◆ **ACTIVITY**:
Down to the last line, print the data that follows exactly, without its pictures.

◆ **SUPPLIED DATA**:
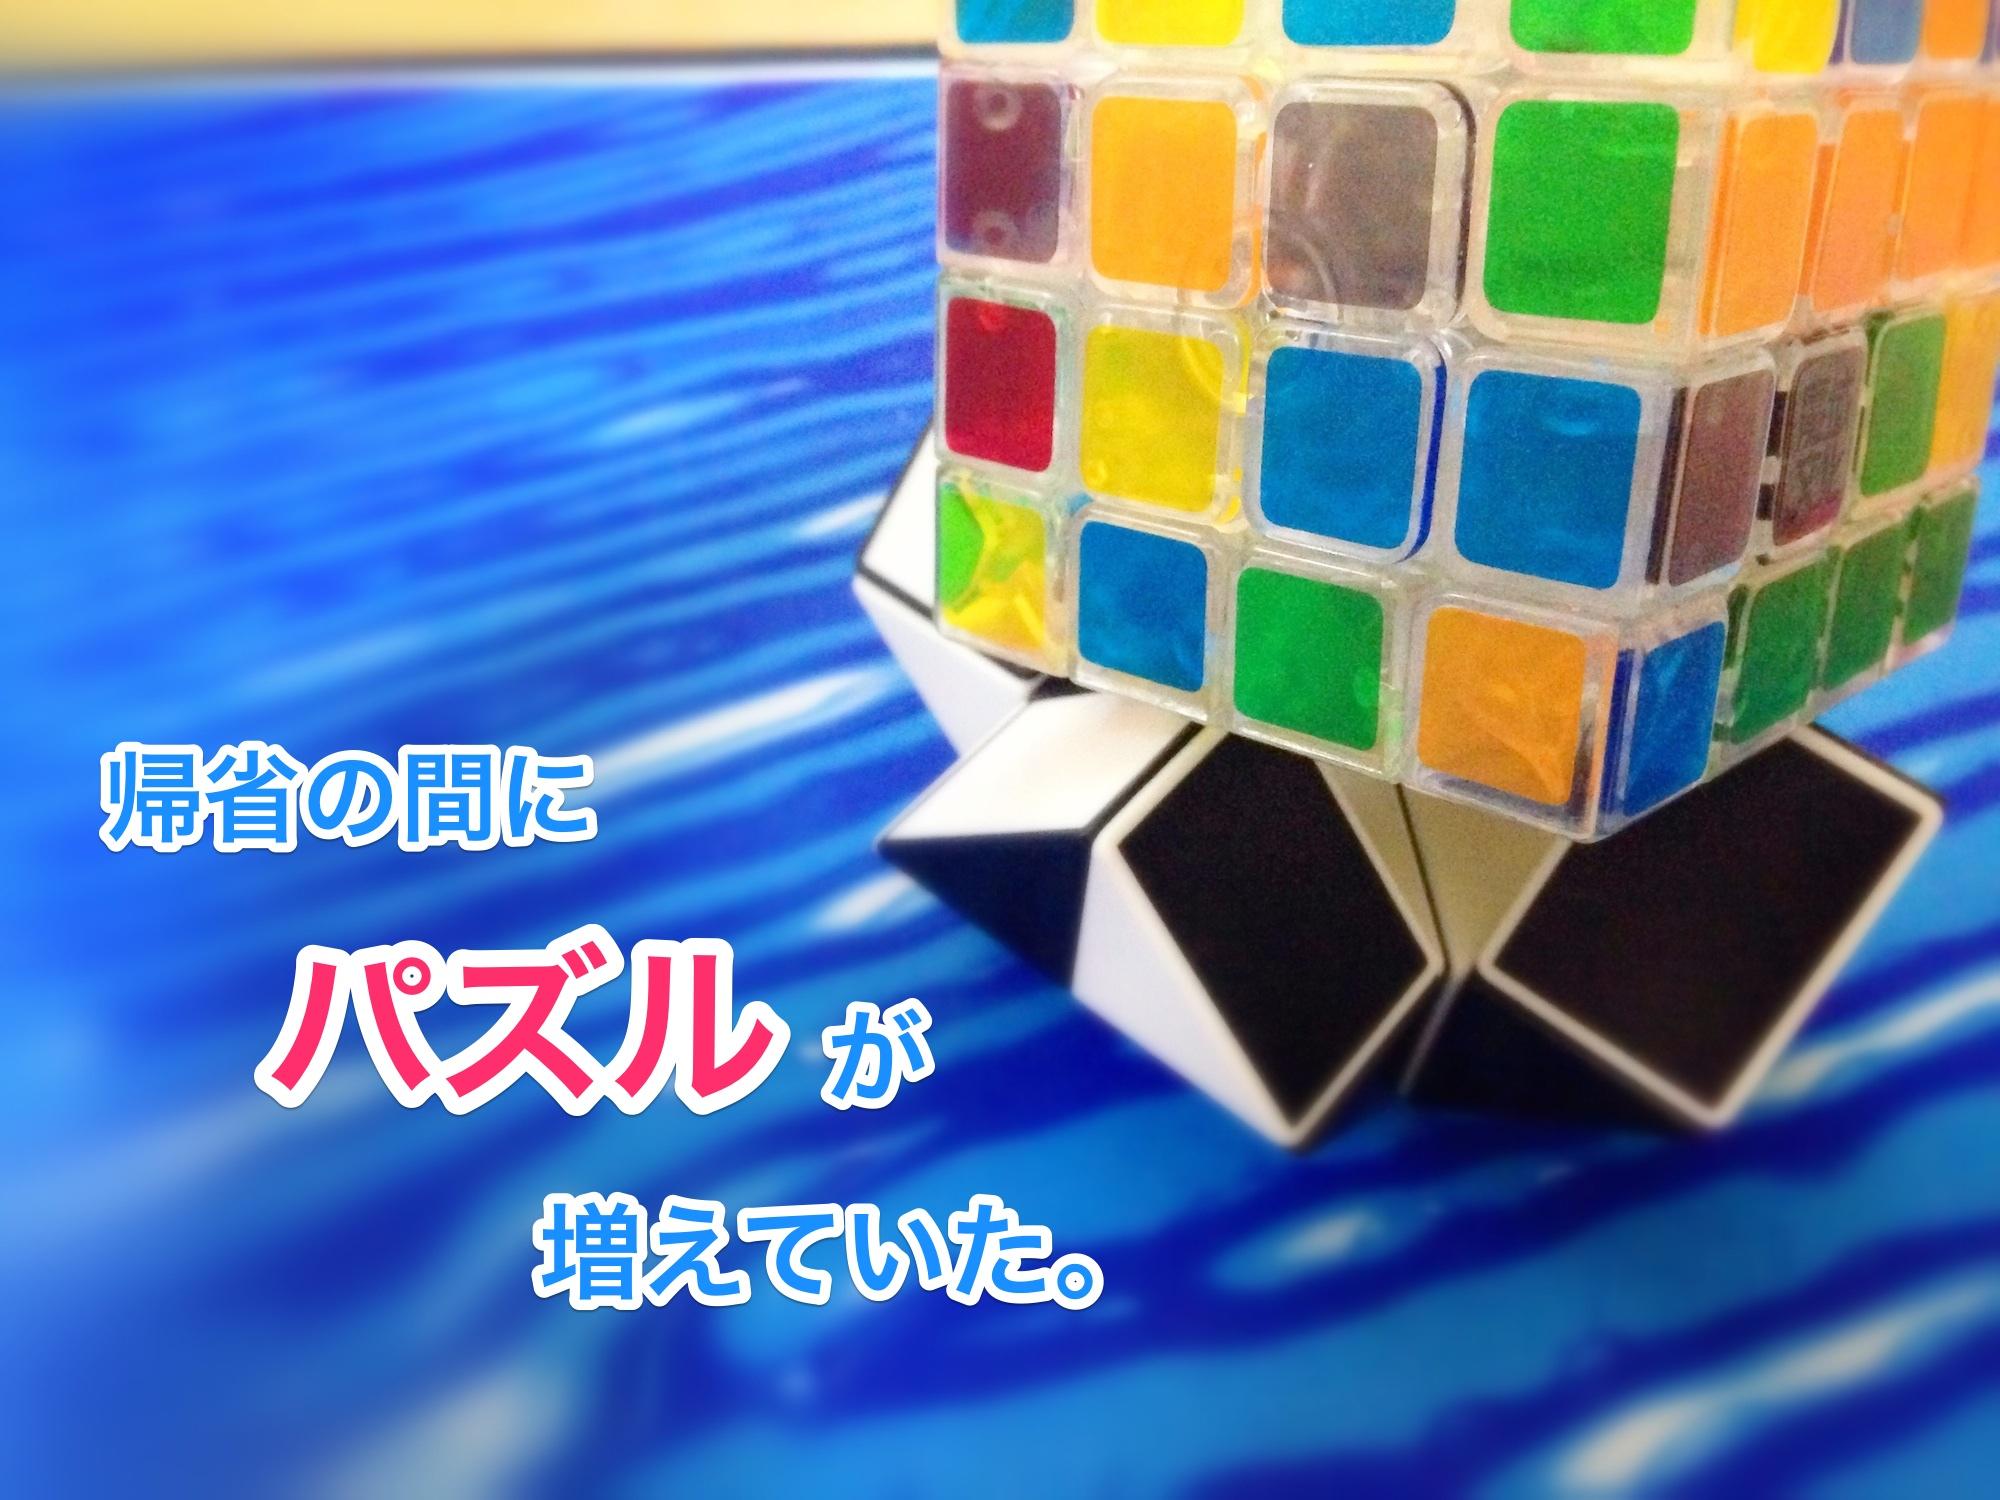 写真_2014-09-29_午前1_44_04
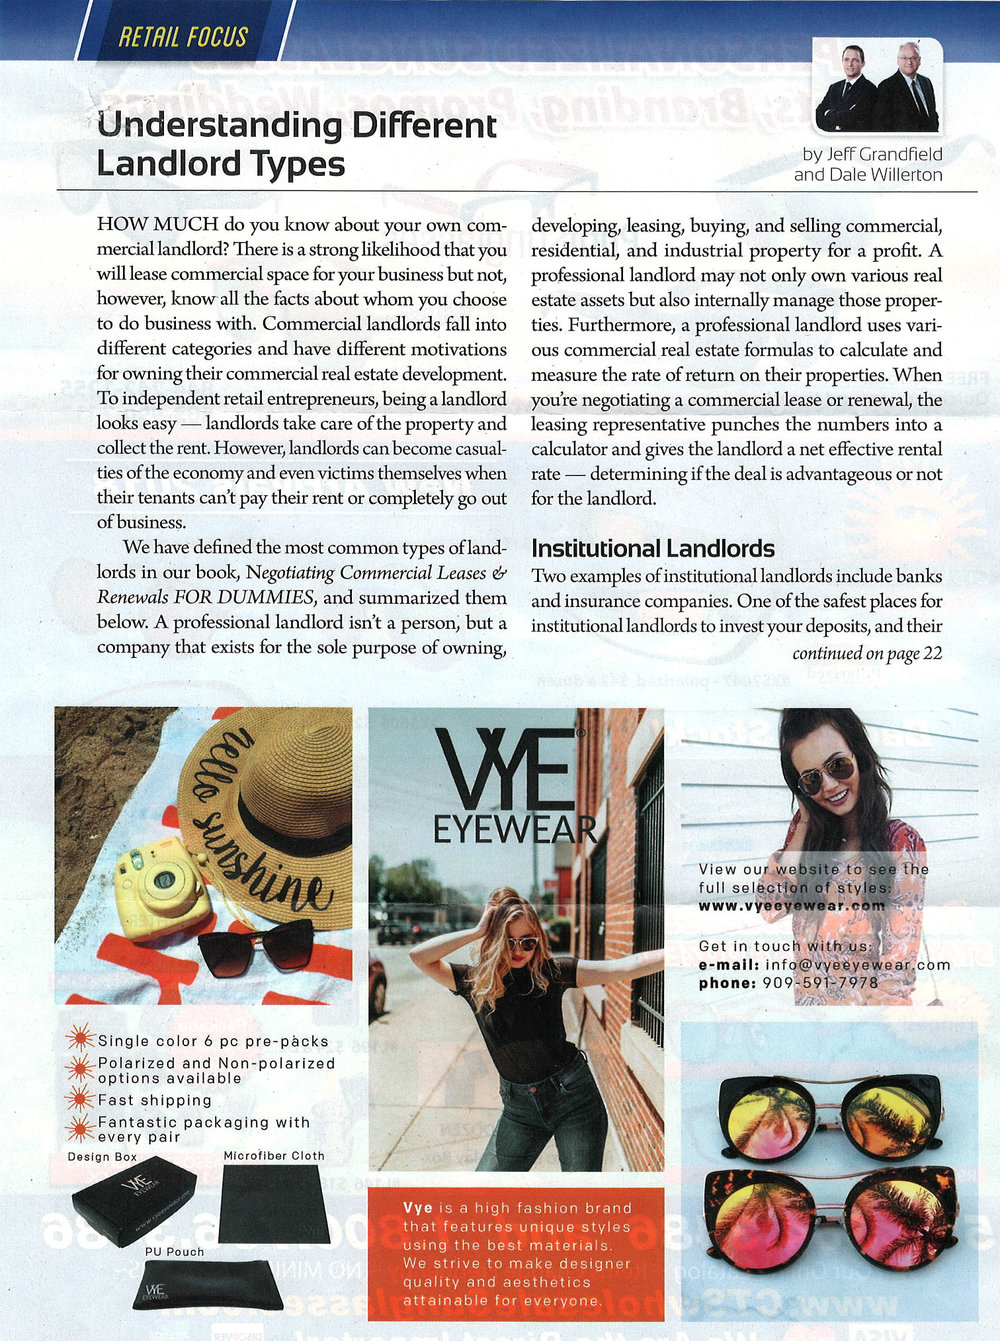 Independent Retailer Magazine
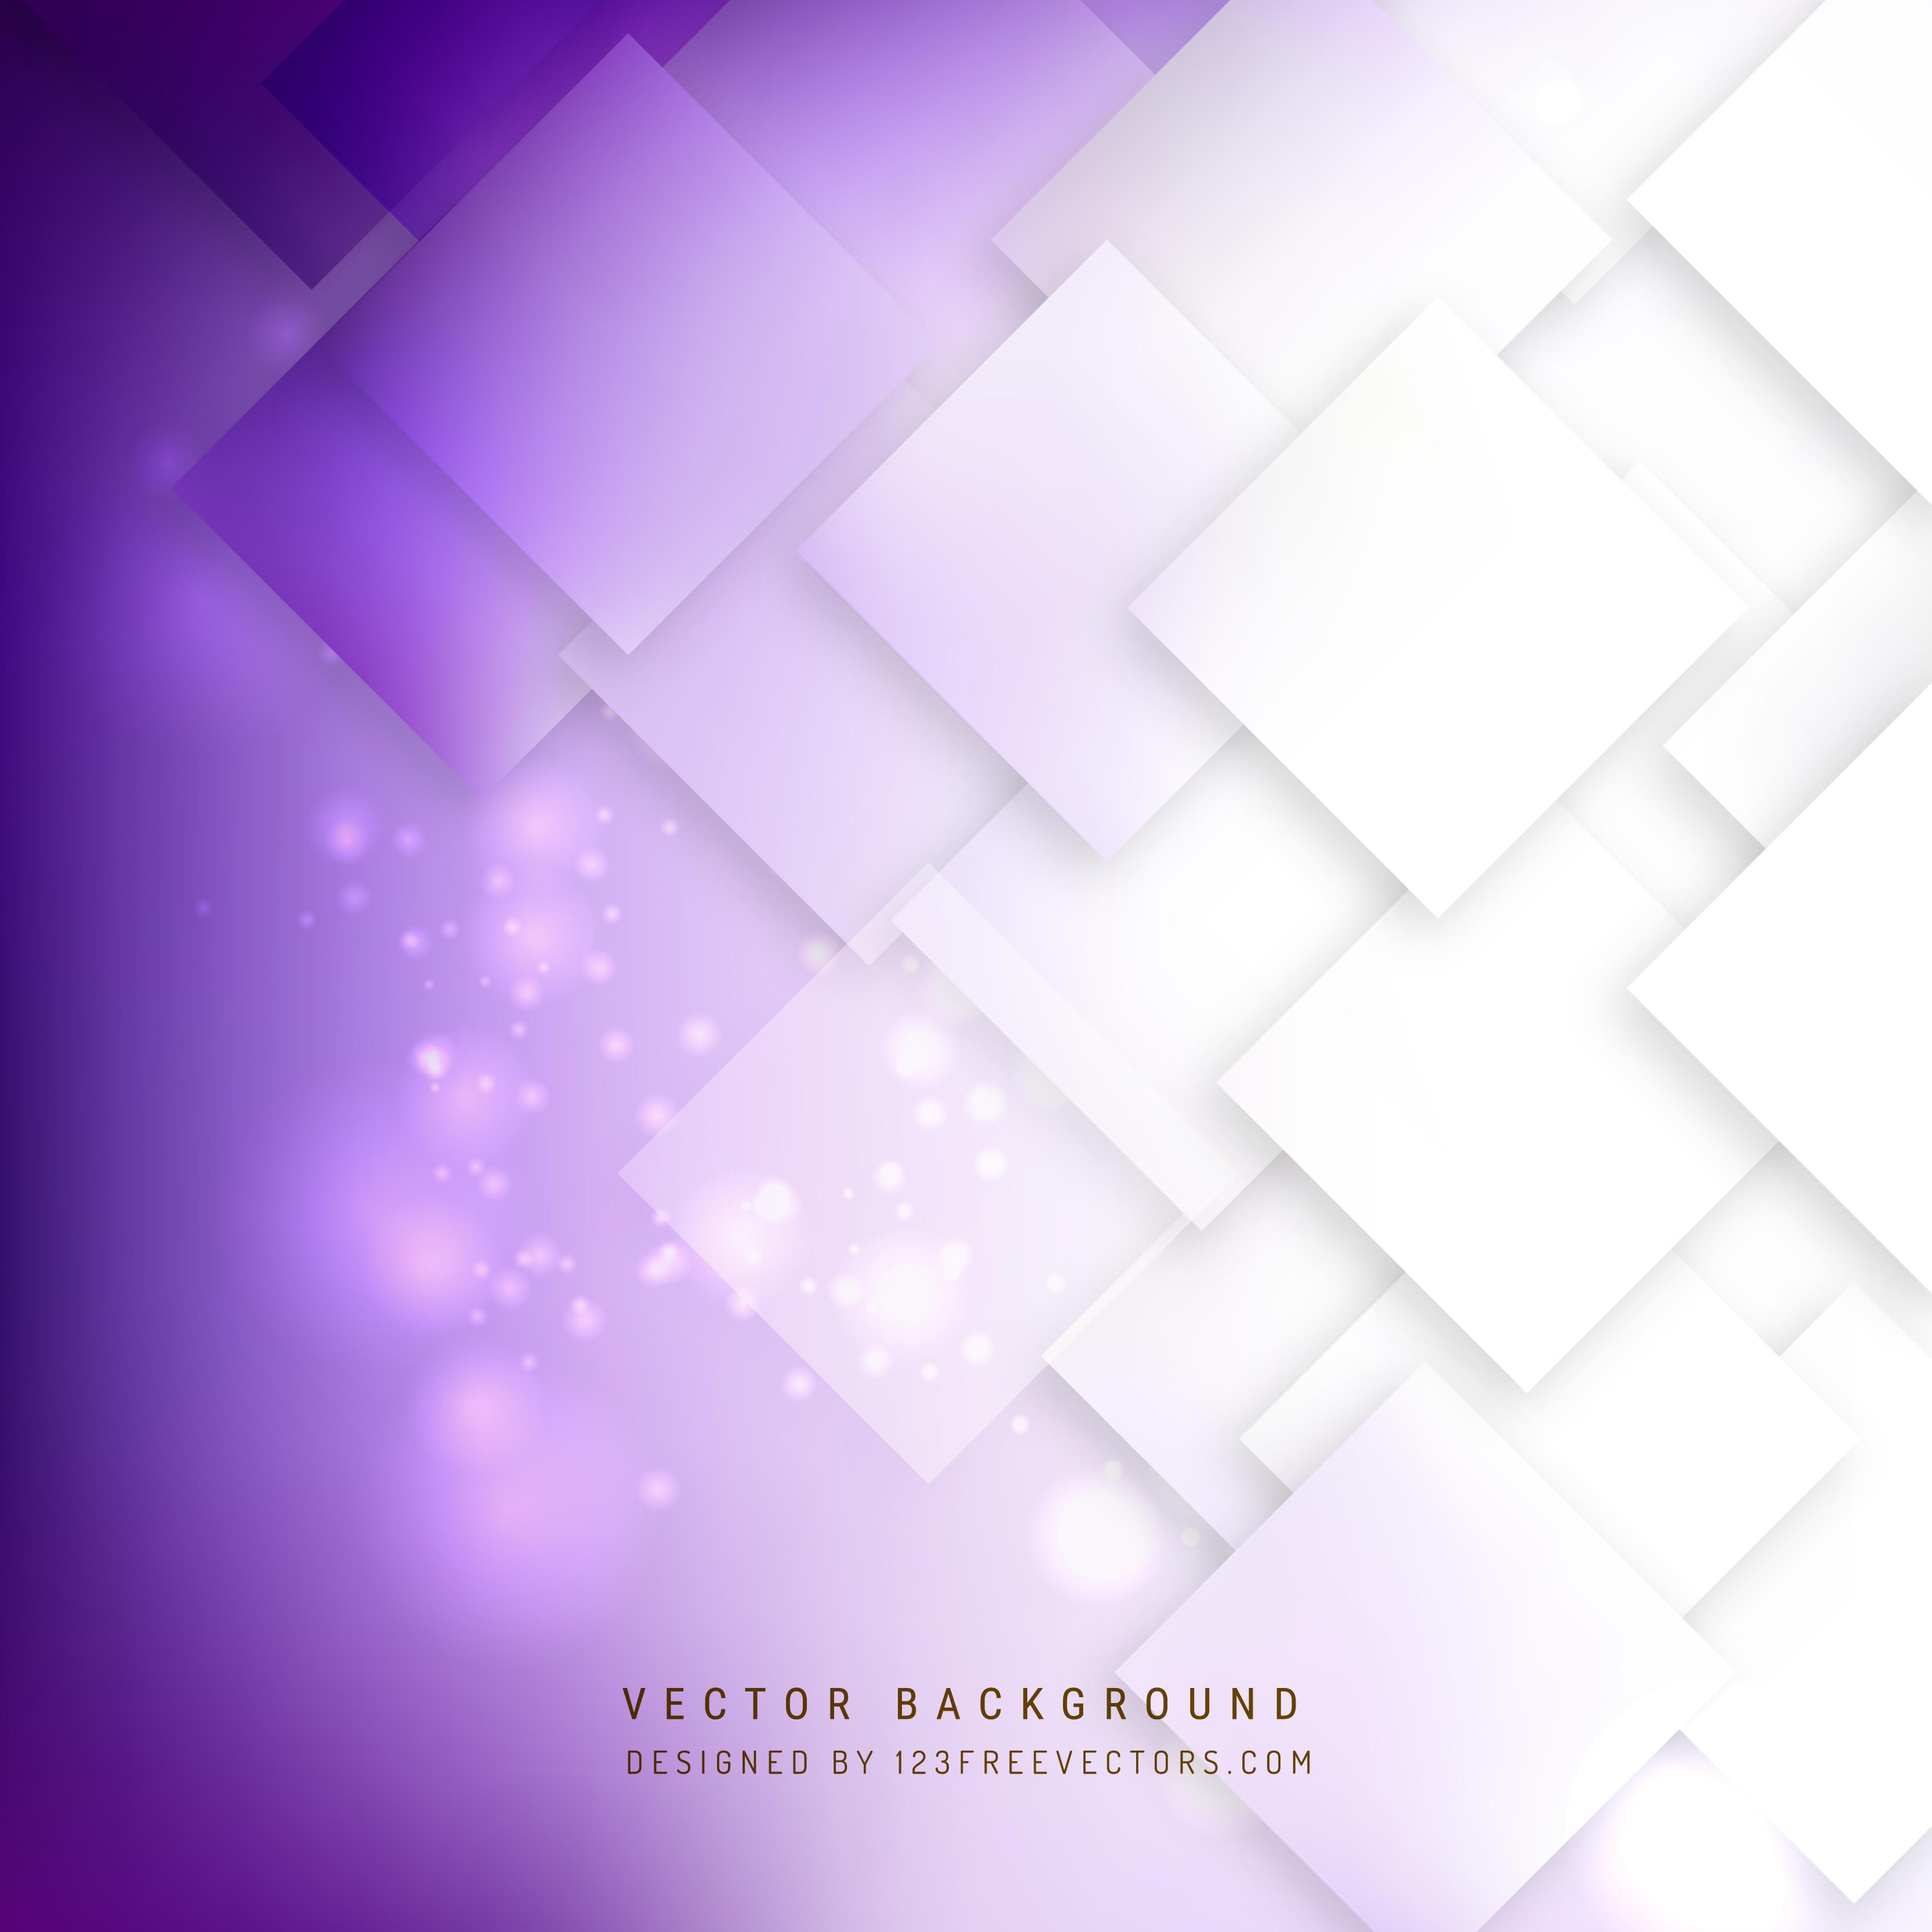 lavender background design - photo #14

◆ **OUTPUT BELOW**:
 写真_2014-09-29_午前1_44_04
 Independent Retailer Magazine
 lavender background design - photo #14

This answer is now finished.